Paltik is a Filipino term for a homemade gun. It is usually manufactured using scrap metal and angle iron. These homemade weapons are usually manufactured in Danao, Cebu, where the production of replicas of known firearms is a cottage industry. The manufacturers claim to be able to replicate any gun, although they prefer to mass-produce six-cylinder .38 caliber  revolvers. The Philippine government notes that these firearms are of low quality, even if some are considered as "Class A" or high quality. Danao has the most concentration of factories since the 1940s, but paltik production can also be found in Negros, Leyte, and Mindanao. The Moro Islamic Liberation Front were also known to produce paltik but were unable to upscale their production due to government pressure.
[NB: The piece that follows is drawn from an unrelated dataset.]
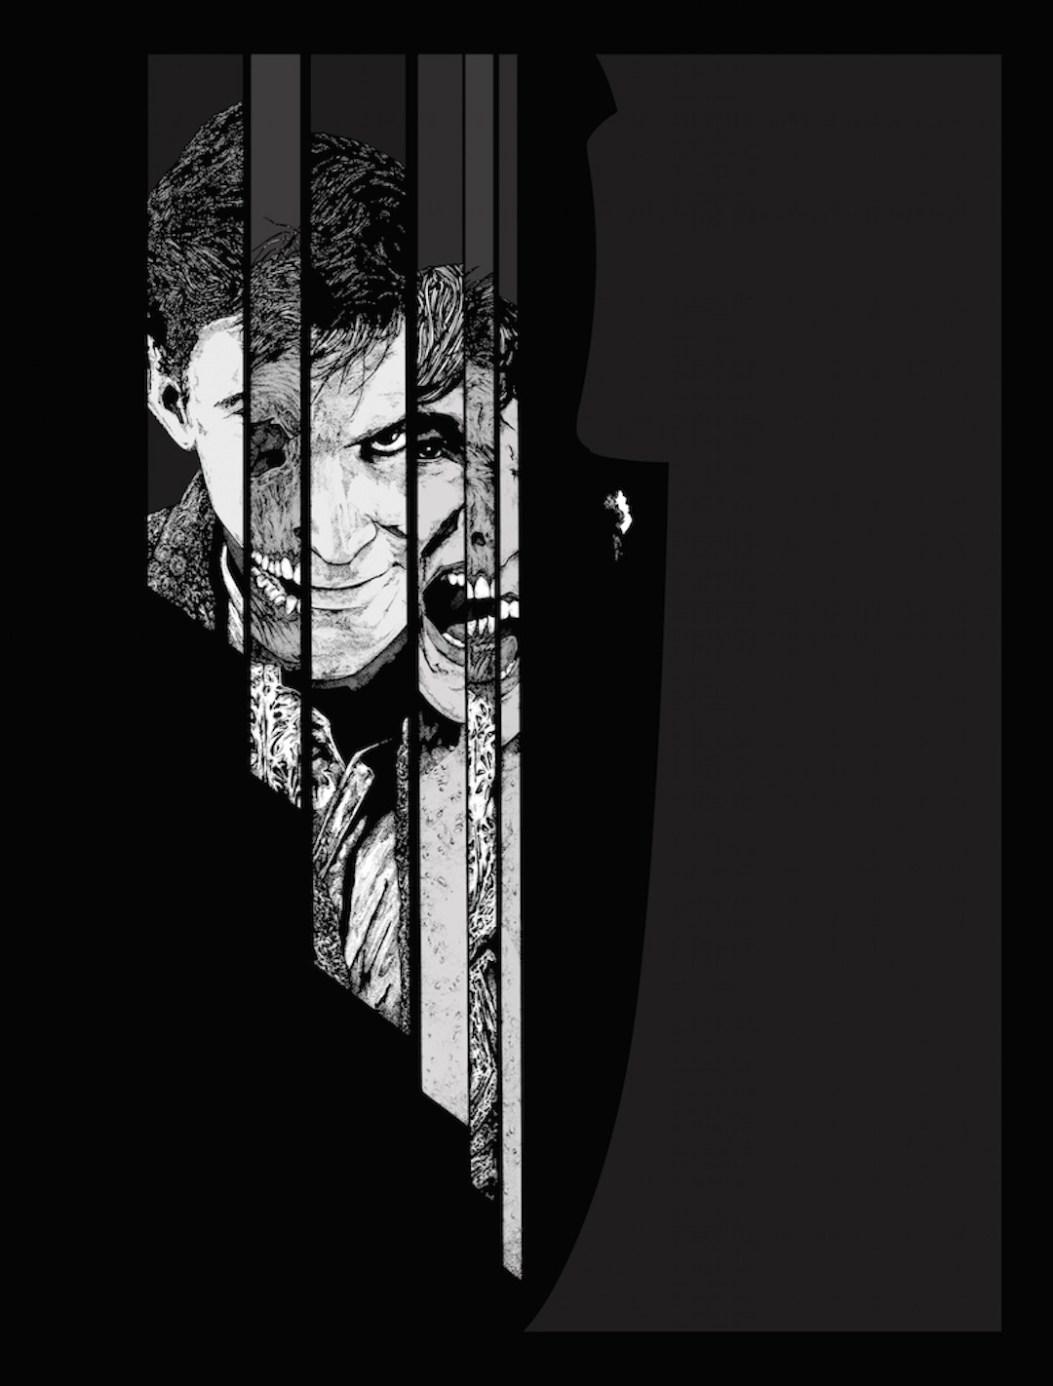 2D Black and White Psycho Illustration
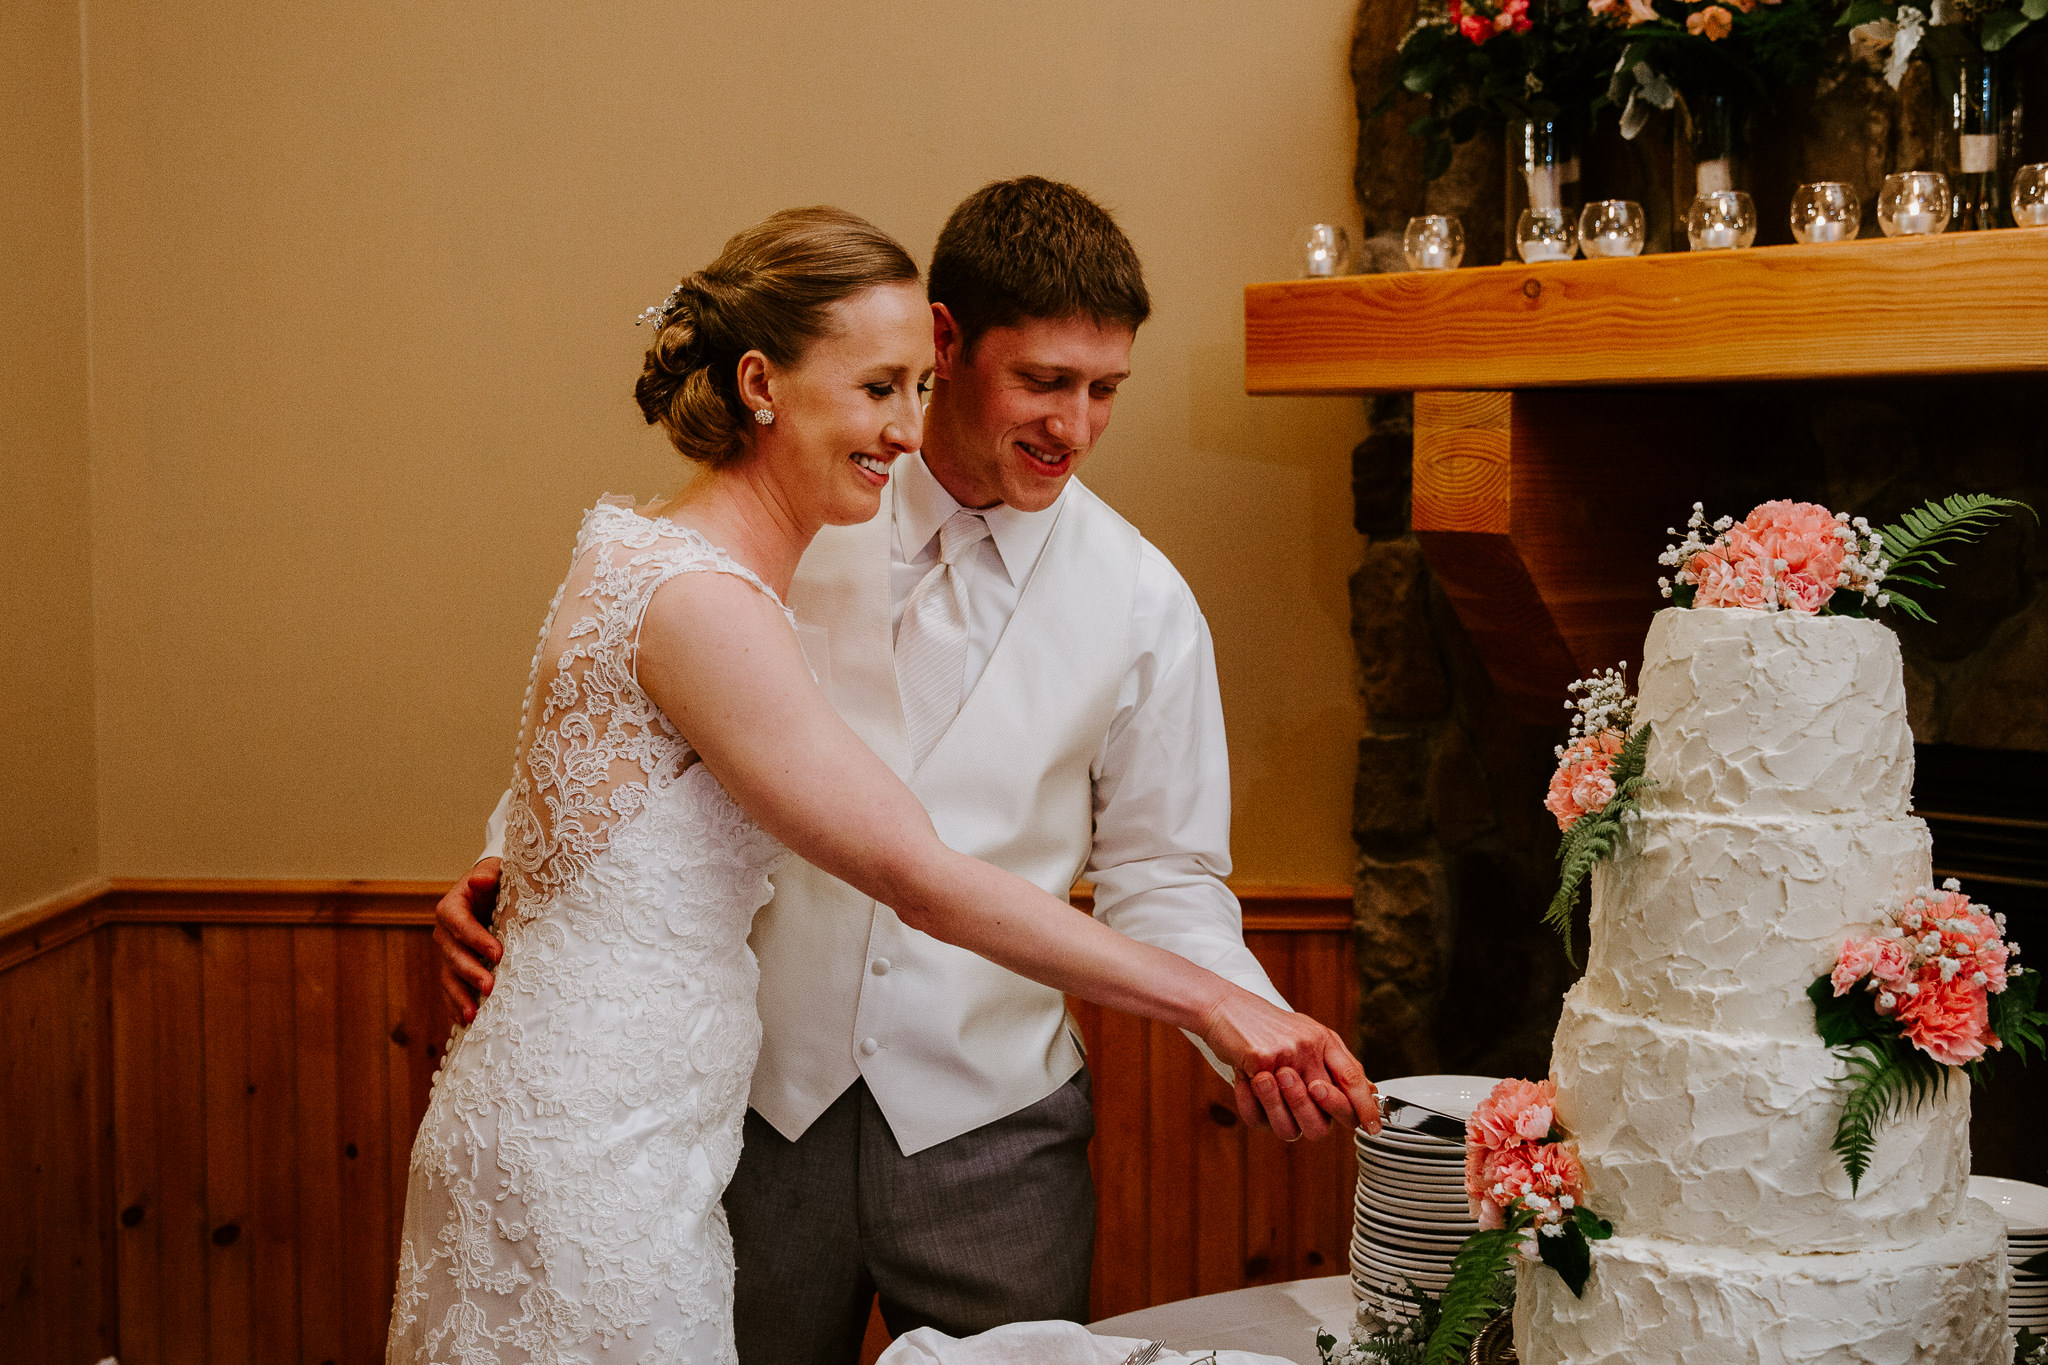 House Mountain Inn - Weddings - Lexington - Virginia - Best Wedding Photographer - Pat Cori Photography-75.jpg

The paltik suffered from poor accuracy and low quality firing mechanisms. Some lacked grooves in its bore, making its shots inaccurate. Due to poor craftsmanship, the weapon was more dangerous to the shooter than the target. Some Filipino gunsmiths however, did make reliable percussion cap rifles that functioned in a manner similar to a 19th-century musket.

Paltiks are still being made illegally in the Philippines today. These were being registered during the administration of President Corazon Aquino but this "legalization" was revoked and all registered paltiks had to be surrendered to the government. President Gloria Macapagal Arroyo signed Executive Order No. 171 in  2003 which prohibits paltiks from being licensed.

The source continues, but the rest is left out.